If we want to energize people on the climate, we need to give them ideas that work for them. And at the same time, we need to think about who we can’t reach. Climate solutions are probably going to be relatively complex, for example, and that has implications for our targeting parameters.
Defining a new audience
So, let’s imagine we’ve created some content that’s designed to connect with a wider audience. We’re confident it will have value for a lot of people both inside and outside the activist echo chamber.

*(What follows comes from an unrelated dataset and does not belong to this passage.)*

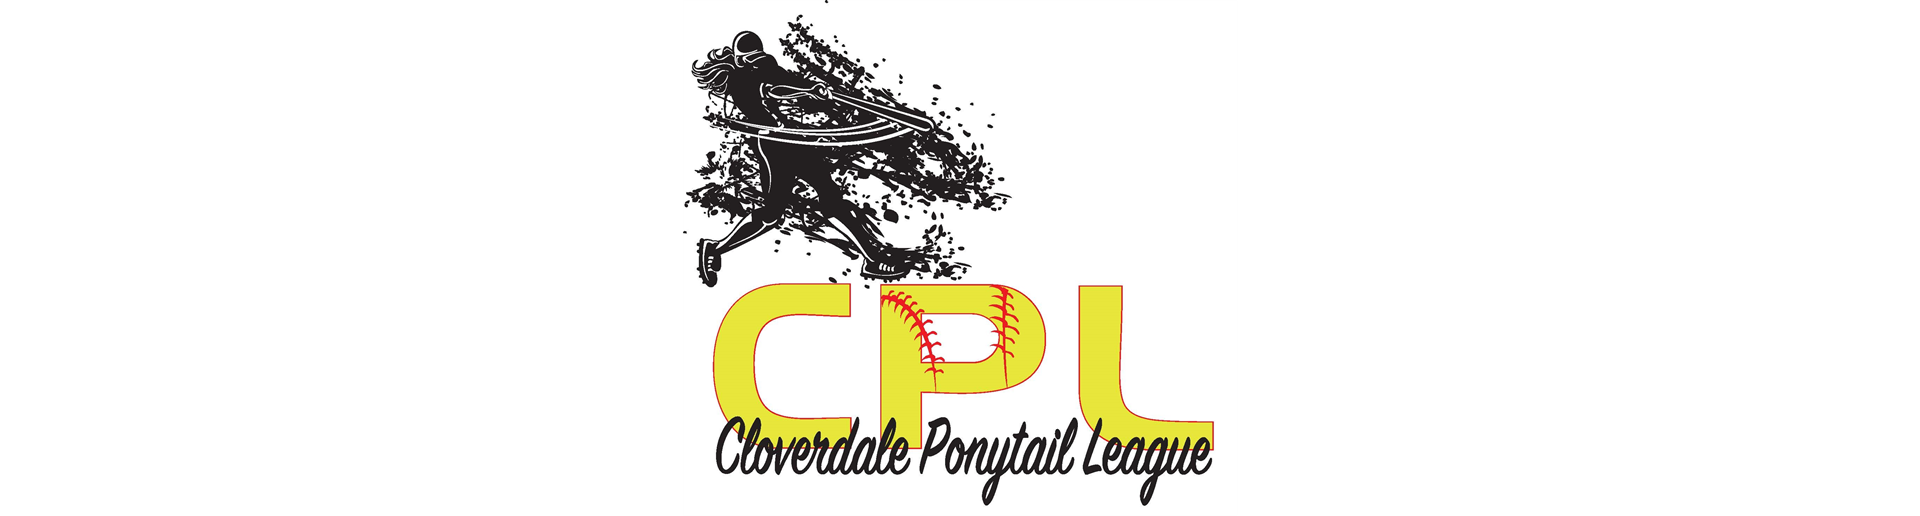 Cloverdale Ponytail League Facebook Page

Now we need to make sure it gets to them.
Who are they?
- They’re terrified about the way things are going, but they’re not getting much out of the usual NGO content.
- They’re interested in the wider world (not just in buying fluff to compete with their neighbors).
- They’re centrist(ish), but not limited in their imagination, and they’re smart enough to understand the ideas we’re expounding.
Don’t trust the machines
Right now, the algorithm only shows our content to people who look like the people who are with us already. (It’s a strategy for selling more stuff to the same customer profile. And btw, to the platforms, human rights are worth no more or less than hiphop, hairdressing or horses; everyone’s just out to make a buck.)
On Meta the system they use to help you do that is called advantage+, onTikTok it’s called Smart Performance Campaigns, and on Google it’s called Performance Max. All of them use machine learning to optimize content delivery to people who want to see it. They are the death of democracy and human rights.
Let’s uncheck that box, shall we?
Be aware that the platforms want to take targeting out of your hands, and it’s getting more and more difficult to keep control yourself. The platform backends are designed to nudge you into using their targeting systems. It’s partly that, in theory, they’re providing a better service – it’s instant and it’s effective (if you’re selling stuff). But it’s also that taking it out of your hands increases your dependence on them. You learn gradually less and less about your audience, so you have to rely on the AI to target for you.
Targeting is applied socialpsychology
So we have our audience roughly sketched out, but we’ll have to target ourselves because it doesn’t fit into the kind of neat boxes the algorithm wants to defined for us. If 80% of people in the Uk are worried about the climate, that means people from across the political spectrum. And yeah, of course there’ll be people we don’t agree with among them. But if we want to tackle polarization, we need to start reaching out. The world needs less yelling. We need to get more people on board with our issue, and this is how we start making that happen.
Proxy targeting
The problem we have now is that there’s no easy way of directly targeting the audience we want. It doesn’t exist as a business category. So instead we need to think about the kind of interests and psychographic attributes that would (and would not) correlate with the audience we have in mind.
Testing moves people
The more you do this nuts and bolts targeting yourself – the more you play around and see what works and what doesn’t – the more you learn about your audience and what they want (and the more you learn about who you need to be to create the impact you need to make).
One last thing. If we want to reach people, we need to go where they are. Refusing to do social media on principle would be massively shooting ourselves in the foot. Yes, there are some BIG problems with social media. But this is the world we live in. If we want to change it, we need to engage with it. Understanding the tech and making it work for people is a good place to start.